Reasearch on Video Text Information Extraction Based on Features Integration

【作者】 黄晓冬

【导师】 马华东;

【作者基本信息】 北京邮电大学 , 计算机科学与技术, 2010, 博士

【摘要】 视频文本能够提供重要的视频语义信息以供视频检索和视频摘要。视频文本一般被划分为两种类型:叠加文本和场景文本。叠加文本主要包含视频中的标题和字幕,能够对视频语义提供重要的辅助信息。

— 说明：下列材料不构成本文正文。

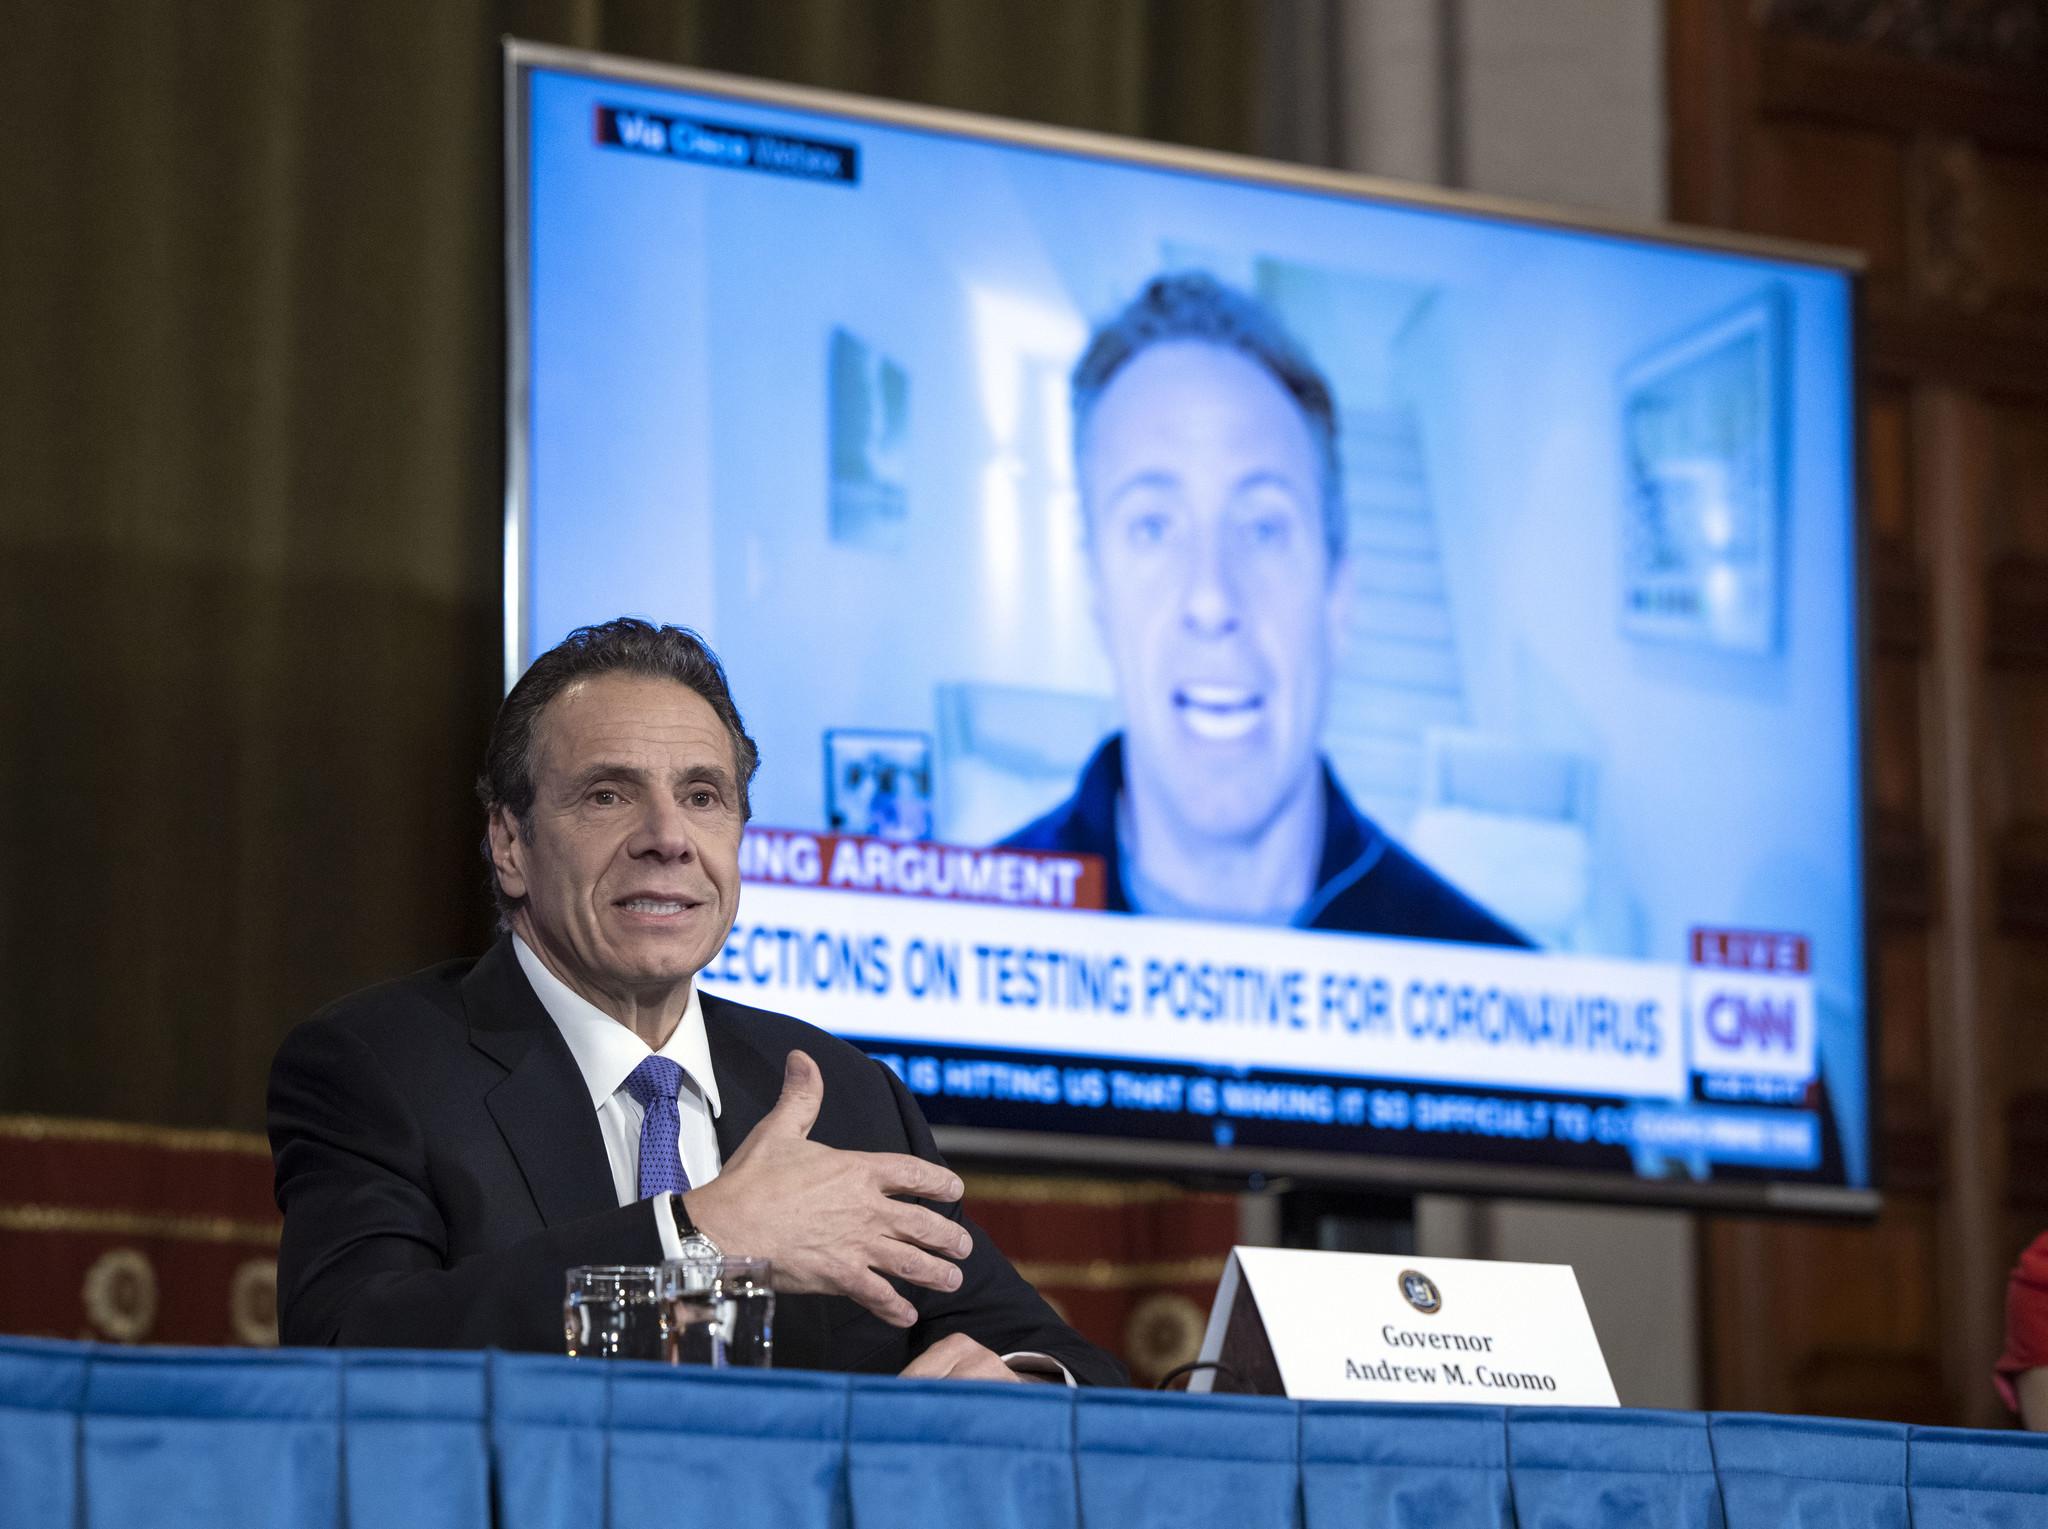 Chris Cuomo having wacky dreams about governor brother 'waving wand' as he battles coronavirus

场景文本是自然场景中存在的文本,能够用来推测场景信息。因此获取视频文本对于视频语义分析具有重要作用。视频文本获取主要包括文本检测、定位、提取和识别四个步骤。本论文主要从叠加文本检测和定位、场景文本检测和定位、文本提取三个方面对视频文本获取进行研究并提出解决算法。具体的研究问题包括:如何在视频复杂背景中检测和定位叠加文本;如何在有光照变化和文本排列不规则的情况下,检测和定位场景文本;如何在检测到的文本区域中完整提取文本。本文的主要贡献如下:(1)提出了基于运动感知场的视频叠加文本检测和定位算法,为复杂背景下叠加文本检测和定位提供了一种有效方法。基于相同的叠加文本在多帧视频序列上会保持位置不变的运动模式,我们定义多帧运动向量融合的运动场为运动感知场,并通过运动感知场获取叠加文本运动模式。同时提出基于运动感知场的视频叠加文本检测和定位算法。我们在视频镜头分割的基础上,在单个镜头中提取30帧进行多帧融合形成一个融合帧,在融合帧上执行基于运动感知场的视频叠加文本检测和定位算法。最后,执行基于运动感知场的多帧验证确定文本区域。(2)提出了基于笔划图的场景文本检测和定位算法,为有光照变化和多种文本排列方式的场景文本检测和定位提供了一种有效方法。场景文本易受光照变化和文本排列方式的影响,我们定义基于字符笔划特征融合的笔划图,并基于笔划图检测场景文本。首先,对于视频帧上获取的笔划图进行基于纹理粗糙度统计的文本行检测,并运用角点检测和形态学算法定位文本区域。最后,对于一些与文本区域相似的纹理区域,提取小波矩特征、Laws纹理特征和小波共生矩阵特征作为SVM分类器的特征向量进行训练,并用这个SVM分类器在候选区域中区分文本区域和非文本区域。(3)提出了基于边缘图和颜色聚类分析的叠加文本提取算法和基于改进的Niblack场景文本提取算法,为复杂背景下的文本提取提供了有效方法。对于视频叠加文本提取,我们基于彩色梯度图算法,融合图像梯度信息形成文本行边缘图。我们提出了基于边缘图字符分割和基于K均值颜色聚类算法的文本提取算法。算法首先基于文本行边缘图垂直投影将文本行分割成单个字符。然后,用K均值聚类算法将单个字符图像划分成几个聚类图像,然后使用改进的坝点标注和向内填充算法处理聚类图像。对于场景文本,我们提出了基于改进的Niblack场景文本提取算法。(4)视频文本获取系统的设计与实现。为了验证本文算法有效性,我们设计并实现了视频文本获取的验证系统。通过在系统上的大量实验表明,本文提出的方法能够准确地获取视频文本,所获取的视频文本可以应用于视频检索和场景理解的工作中。本文主要研究了视频文本获取算法,对于叠加文本和场景文本的获取提出了一些有效的解决方法。本文提出的视频文本检测和提取算法对于视频内容理解具有实际应用价值。通过系统的实际应用验证了本文提出的算法的有效性。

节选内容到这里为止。